EXERCISE GOAL —
All the lines below need to be output exactly, apart from any images.

INFORMATION SHOWN —
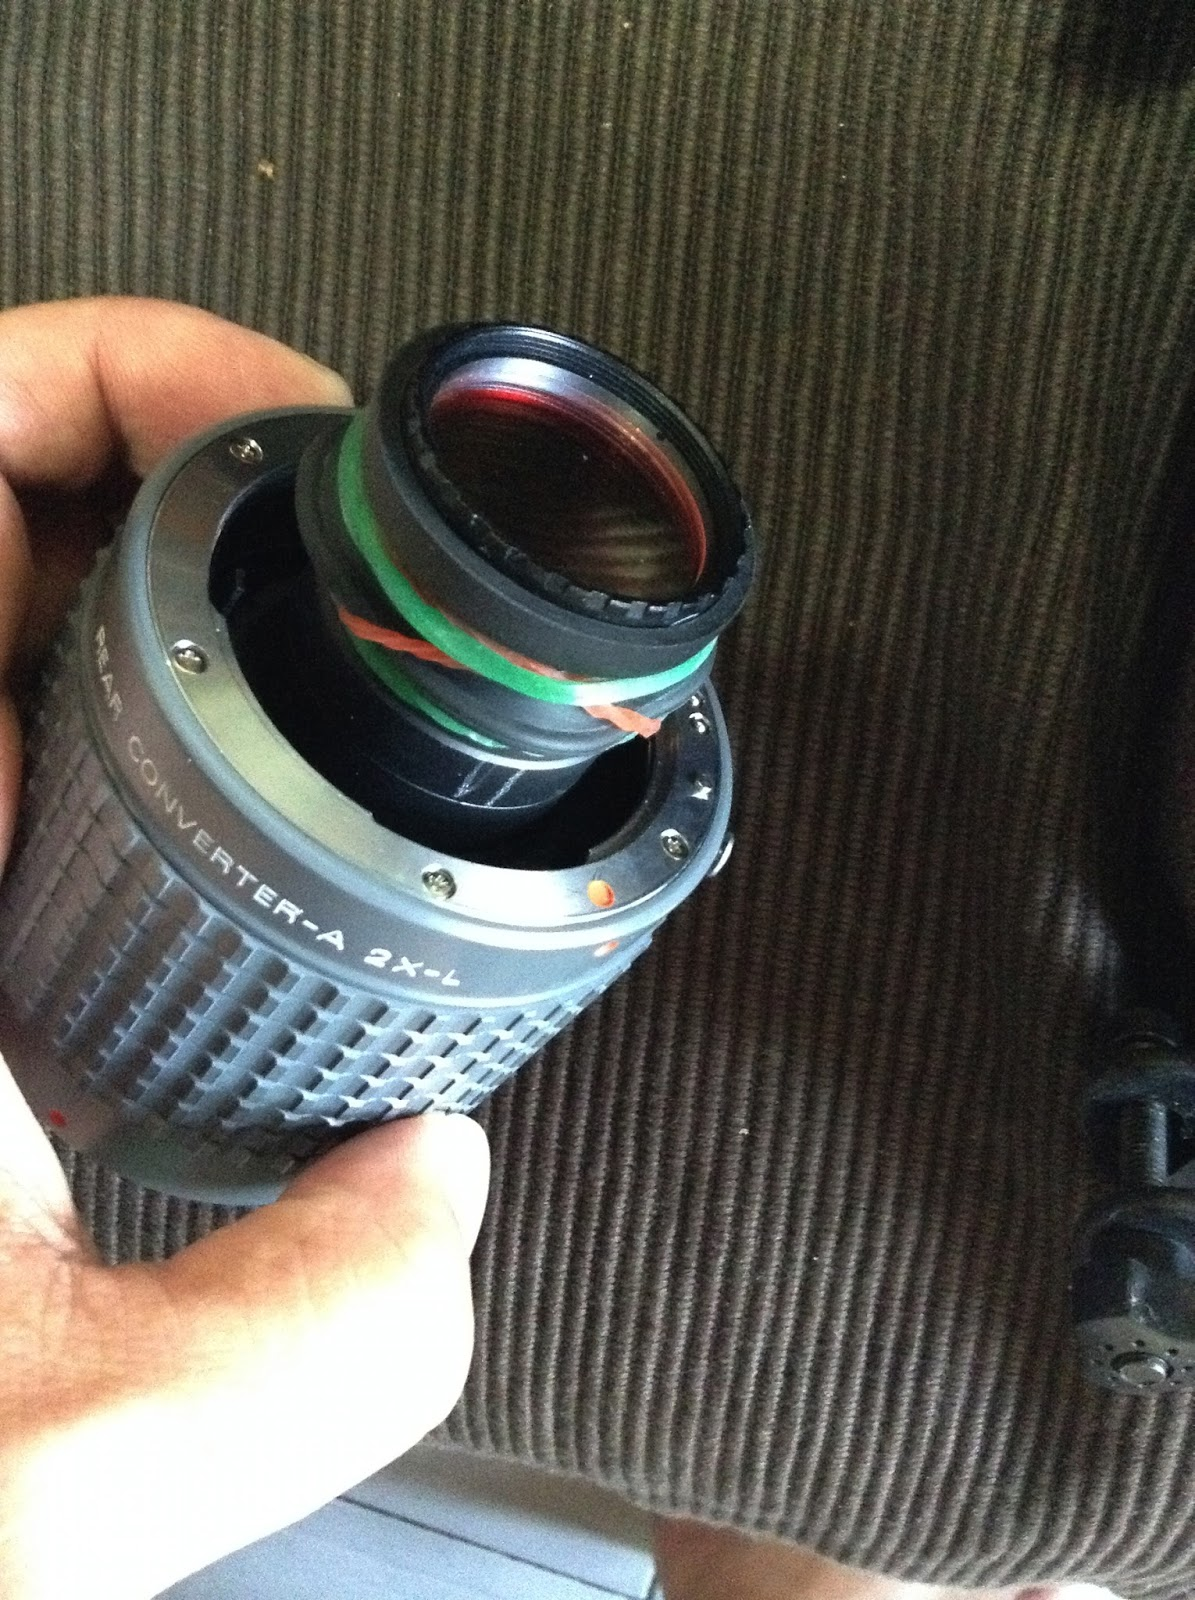 將31.7mm目鏡規格的continuum濾鏡接上Pentax 2x-L兩倍鏡的方法
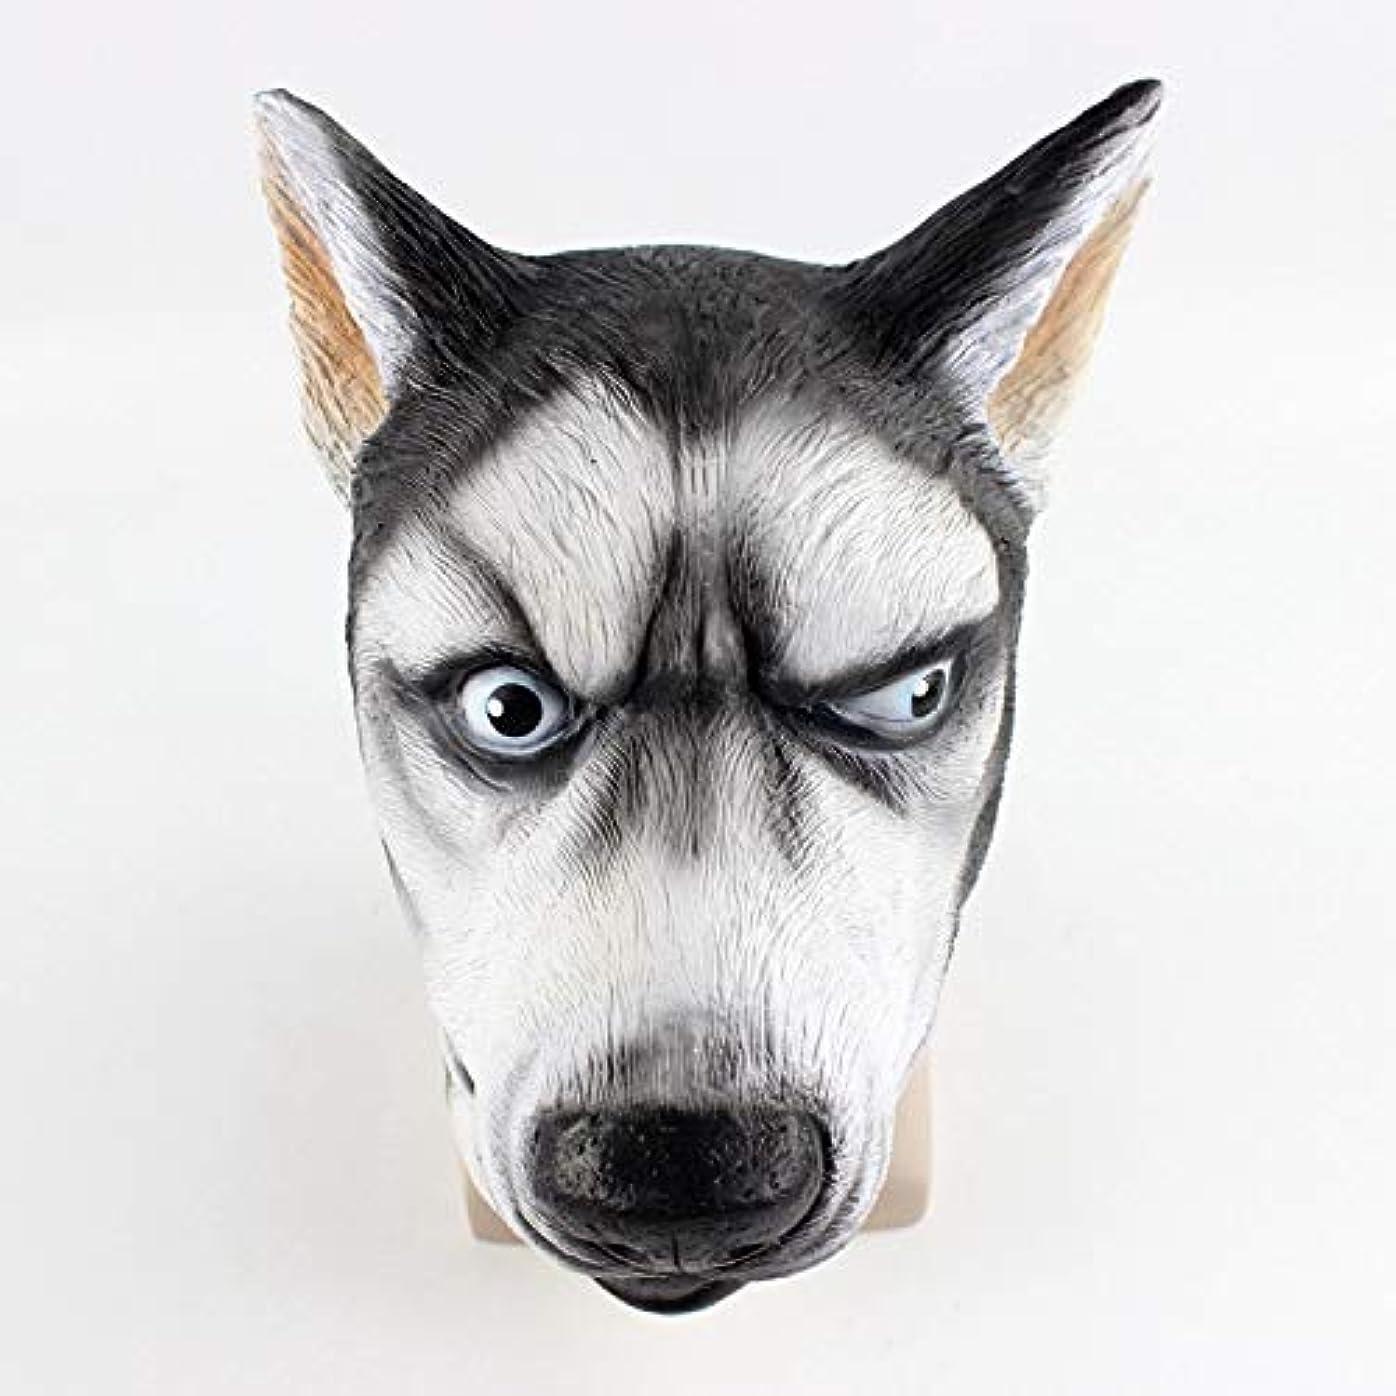 ミリメートル幾何学形シベリアンハスキー犬ラテックス動物ヘッドマスクノベルティコスチュームラバーマスク用ハロウィン動物犬ヘッドマスク
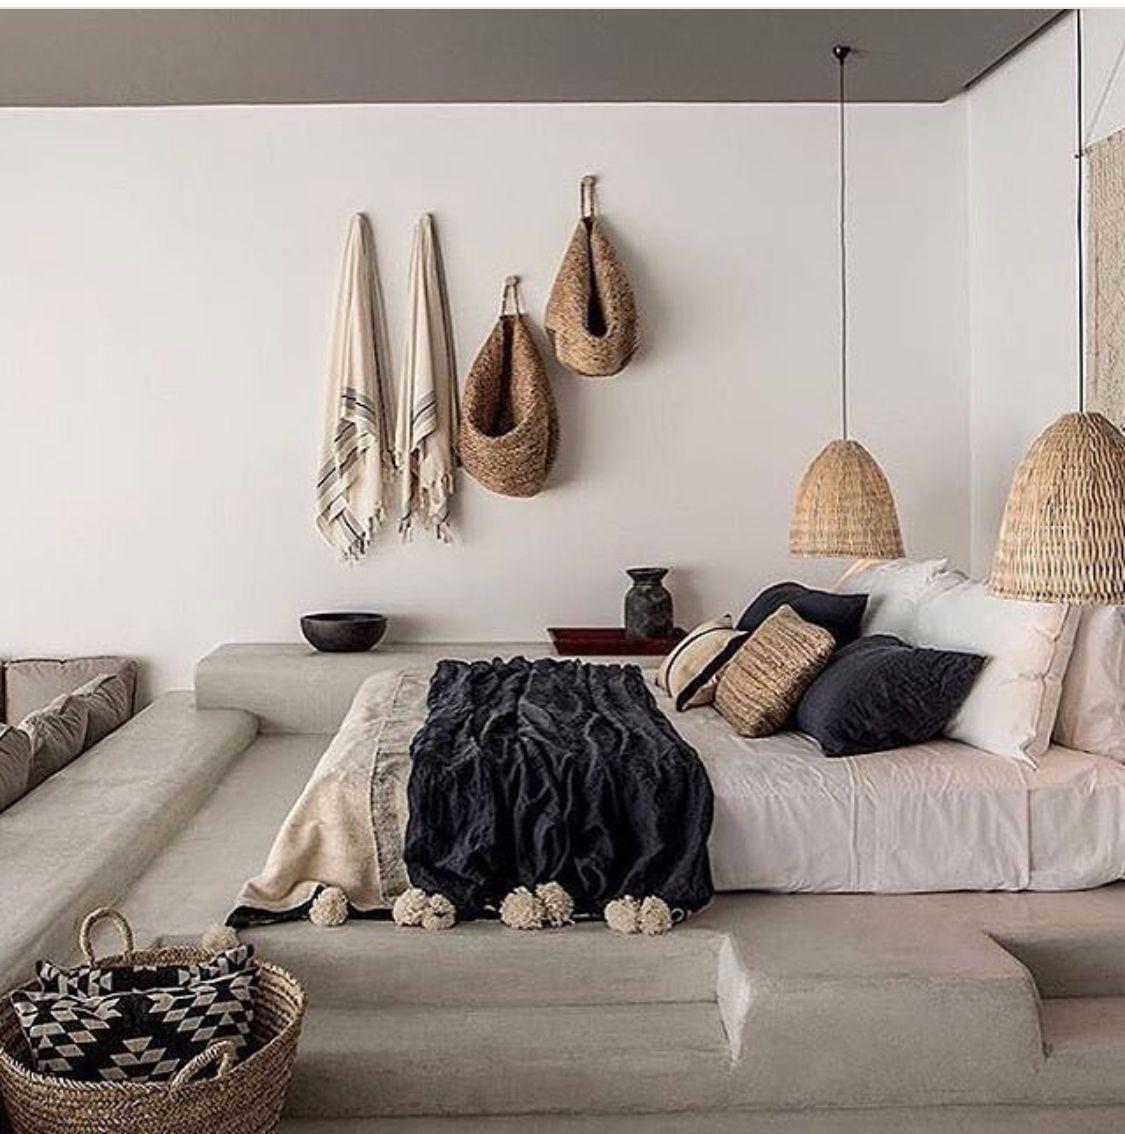 Innenarchitektur für zuhause tub surround like this  dream house room ideas  pinterest

RESULT FOR THIS EXERCISE —
 將31.7mm目鏡規格的continuum濾鏡接上Pentax 2x-L兩倍鏡的方法
 ミリメートル幾何学形シベリアンハスキー犬ラテックス動物ヘッドマスクノベルティコスチュームラバーマスク用ハロウィン動物犬ヘッドマスク
 Innenarchitektur für zuhause tub surround like this  dream house room ideas  pinterest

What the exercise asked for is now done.